1.2 million people in the world are co-infected by Mycobacterium tuberculosis, the bacteria which causes tuberculosis, and HIV-1. This combination is deadly: it makes patient diagnosis and treatment difficult, and increases the pathogenicity of these two infectious agents. An international team led by researchers at the CNRS and Inserm have revealed that in the presence of tuberculosis, HIV-1 moves from one cell to the next via nanotubes which form between macrophages, drastically increasing the percentage of infected cells. These findings appear in the 26 March 2019 edition of Cell Reports.

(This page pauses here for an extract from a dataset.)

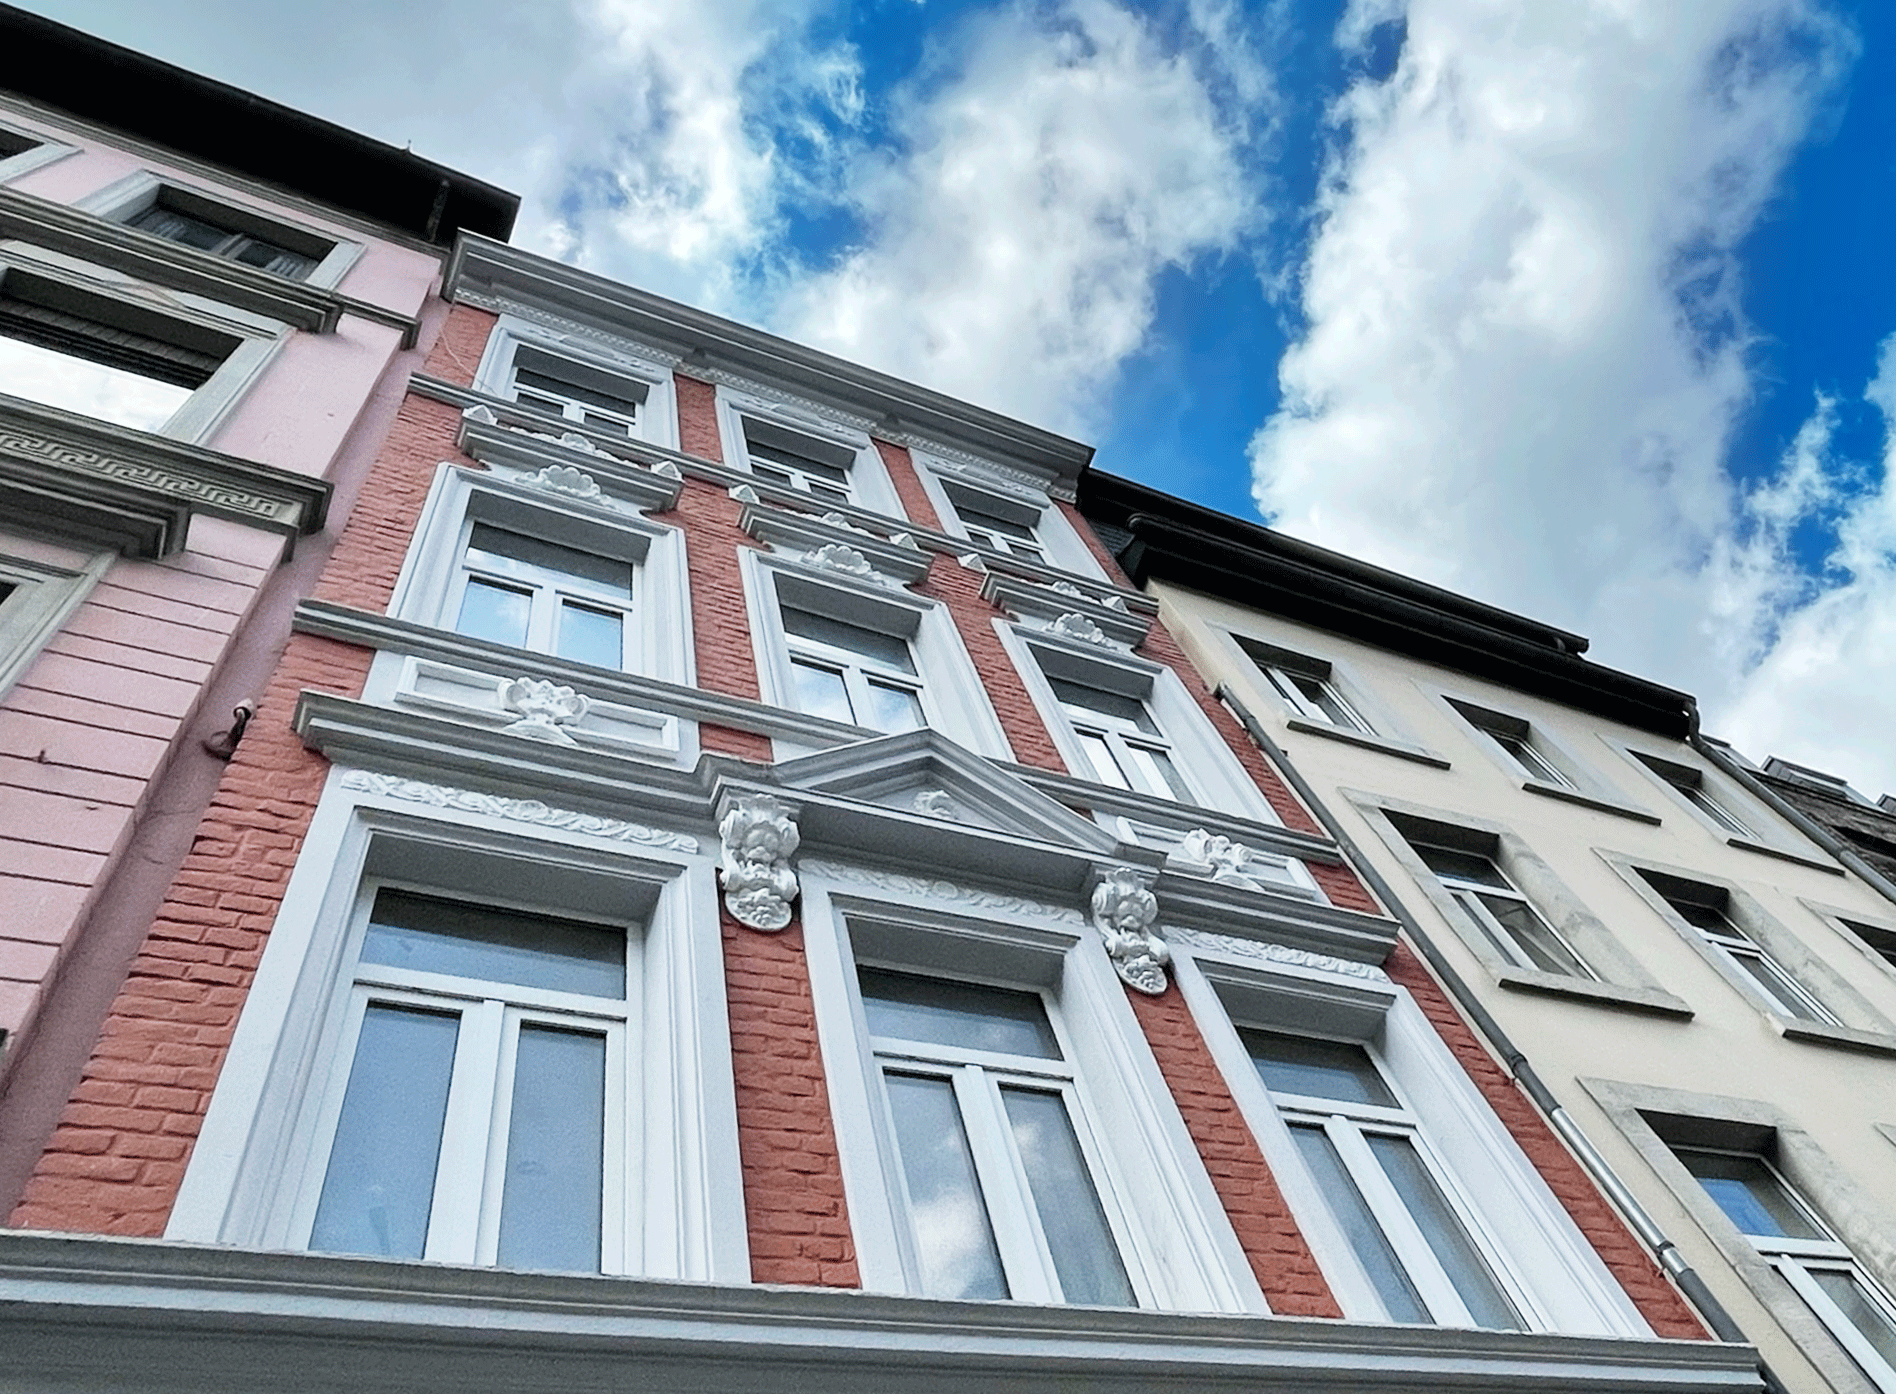 Wohnung in Aachen in der Jakobstraße zu vermieten über Koch Immobilien

Researchers at the Institute of Pharmacology and Structural biology (CNRS/Université Toulouse III – Paul Sabatier) and the IM-TB/HIV international laboratory, a consortium between the CNRS and the National Scientific and Technical Research Council (Conicet) (Argentina), together with the Center for Pathophysiology of Toulouse Purpan (CNRS/INSERM/Université Toulouse III – Paul Sabatier), have shown that macrophages – which act as host cells for tuberculosis and HIV-1, join to form nanotubes when exposed to Interleukin-10, a molecule secreted in the presence of tuberculosis. The abundance of these specific M(IL-10) macrophages in the lungs is correlated with the severity of the disease. HIV-1 particles travel through these tunnel-like nanotubes to infect neighbouring cells and multiply. Using different approaches to inhibit their formation, scientists successfully reduced viral transfer between macrophages, leading to a drop in HIV-1 production.
In a case of severe TB, the development of nanotubes between macrophages accelerates, increasing the spread of the AIDS virus and viral production as a result. Because the presence of this specific type of macrophage can be measured, diagnosis and treatment of patients suffering from both illnesses could be made easier. This research paves the way to new therapeutic approaches aimed at limiting viral load increases in tuberculosis patients.